Theres nothing wrong with not knowing everything. Im ignorant on things outside of my field. I dont claim to know everything about say, biology, or chemistry, or advanced math, etc. I mean due to being in liberals arts i know at least enough to navigate these subjects somewhat, but im not gonna be as smart as someone who has a degree in a lot of them. And thats okay. No one is going to be. And i admit, the neolib hacks tend to lean a bit into to the "we're the winner F U loser" narrative. I explained my own experience with centrist libs myself. I hate those fricking people. But....let's face it. This weird populism against the idea of having experts, or having an education at all is literally dumb. Like it's the epitome of dumb. Crap on stuffy self righteous libs all ya want but dont knock actual education or expertise, ya know?

So....thats one aspect of this I think is cringe. Because i dont fit fully in one group or another. I lean liberal on like 90% of issues, and often consider myself left of them (but right of the "leftists"), but because im not successful, i went in the direction of full on economic justice and wanting to restructure the economy over just falling for the upper class privilege crap. I actually consider those guys to be privileged. Because they're often the big winners of the economy but only feel sympathy for others through a limited lens that makes them feel self important for caring but comes at no sacrifice to themselves. 

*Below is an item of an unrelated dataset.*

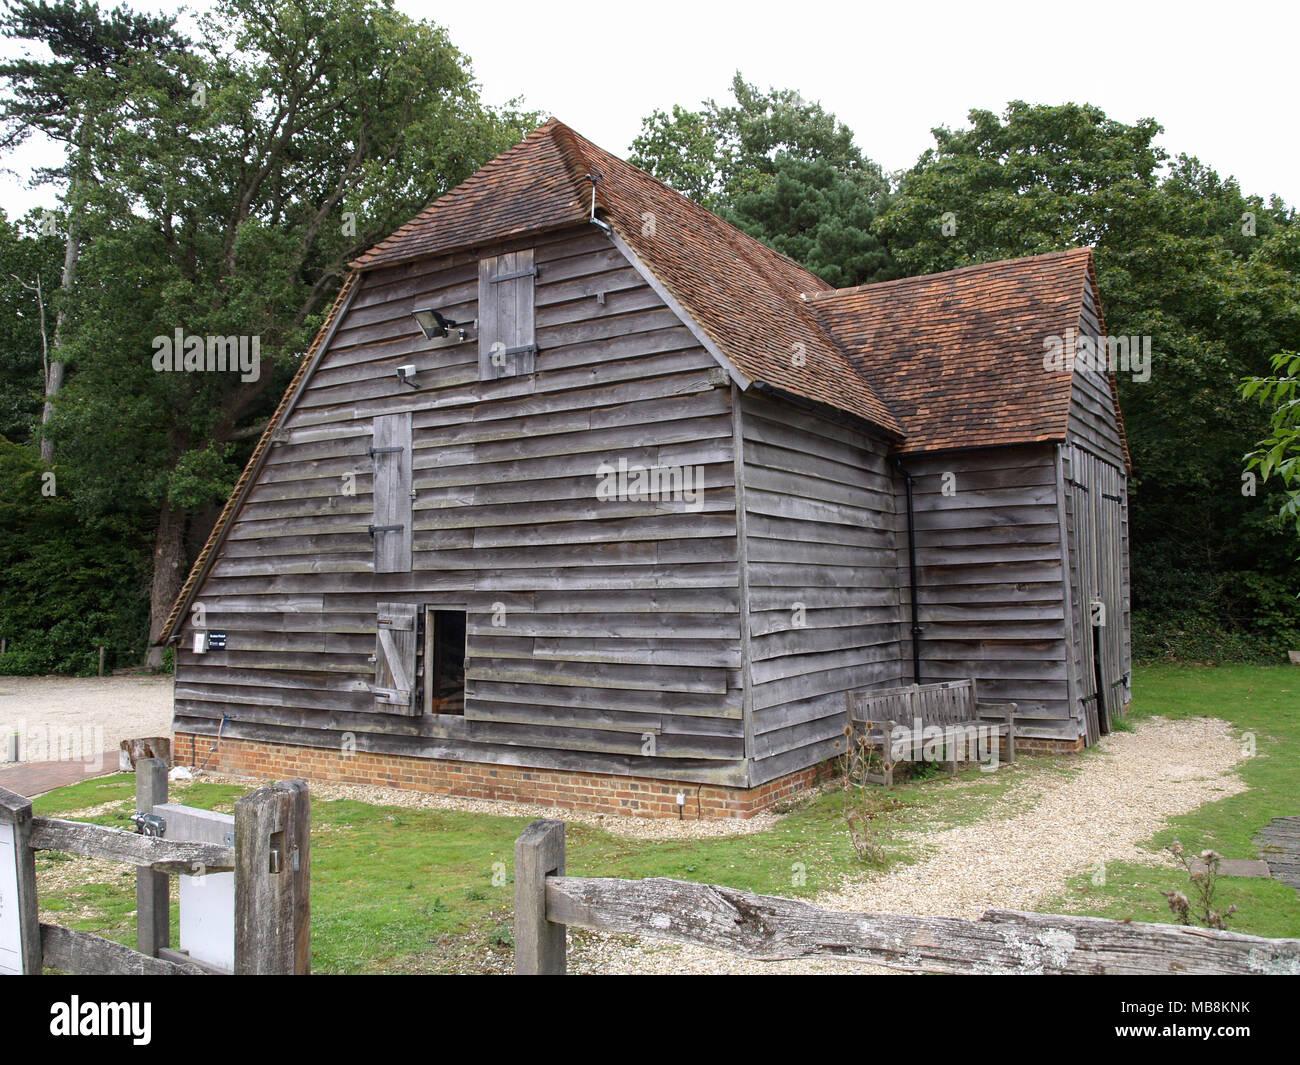 Chineham Barn, used as a grainstore at Bursledon Windmill, Bursledon, Southampton, Hampshire - Stock Image
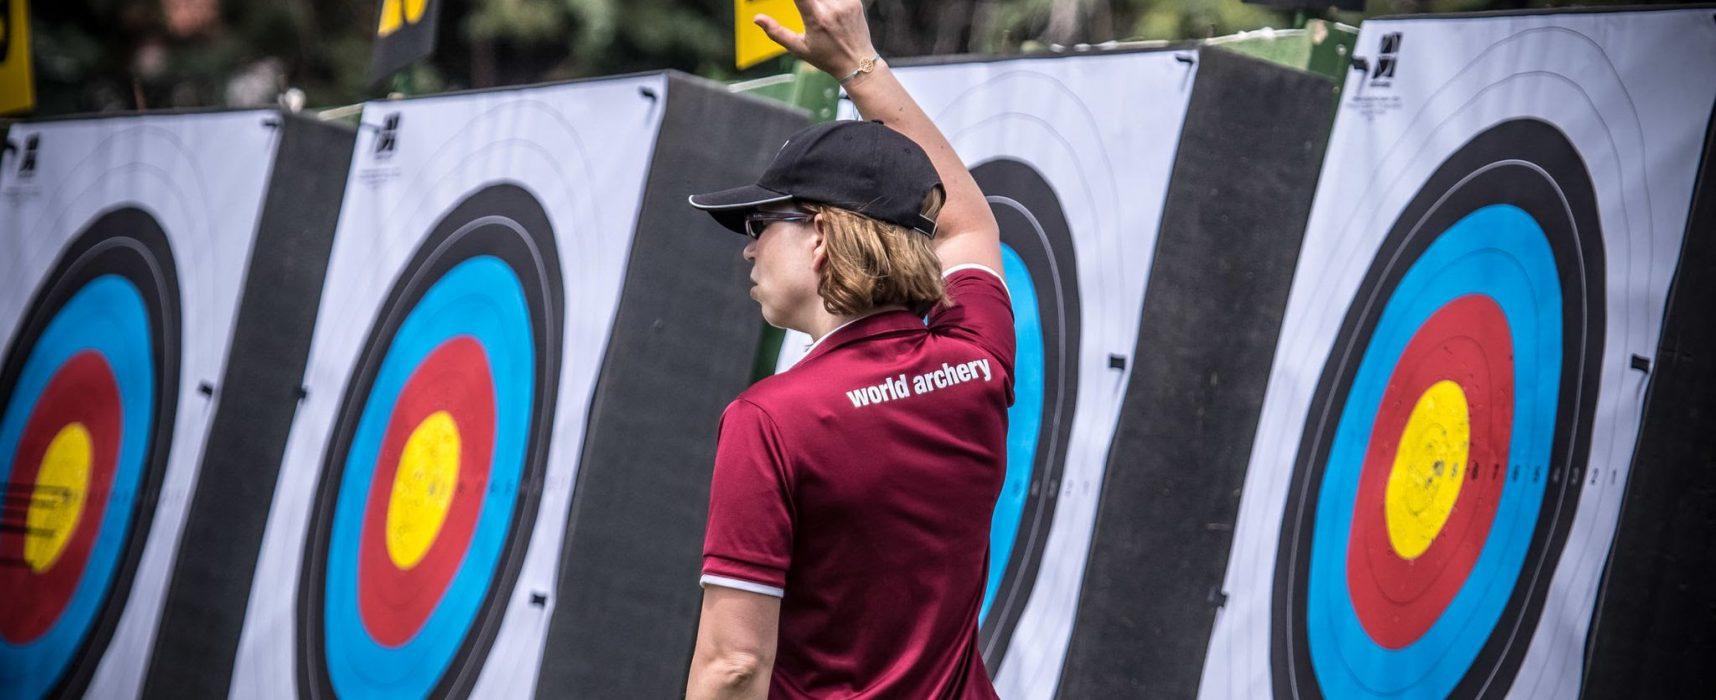 World Archery: Αναβάλλονται όλοι οι αγώνες τοξοβολίας έως τις 30 Απριλίου

But yeah. Im too smart to join the right, but I'm also too unsuccessful to support more incremental shifts to the system that largely wouldnt help me. I made my solutions based on my expertise, proposing solutions that would both benefit me and solve problems system wide. But i just dont fit anywhere in the modern political system. Because the left is developing a hardcore meritocratic side that id expect from republicans, and the right is going toward a particularly unhelpful and dangerous form of resentment politics that solves nothing and if anything threatens the system as a whole.

And I cant help but feel helpless in the face of these political trends amplifying in the exact wrong directions. I just didnt really blame meritocracy itself until i looked at it through the lens of this book.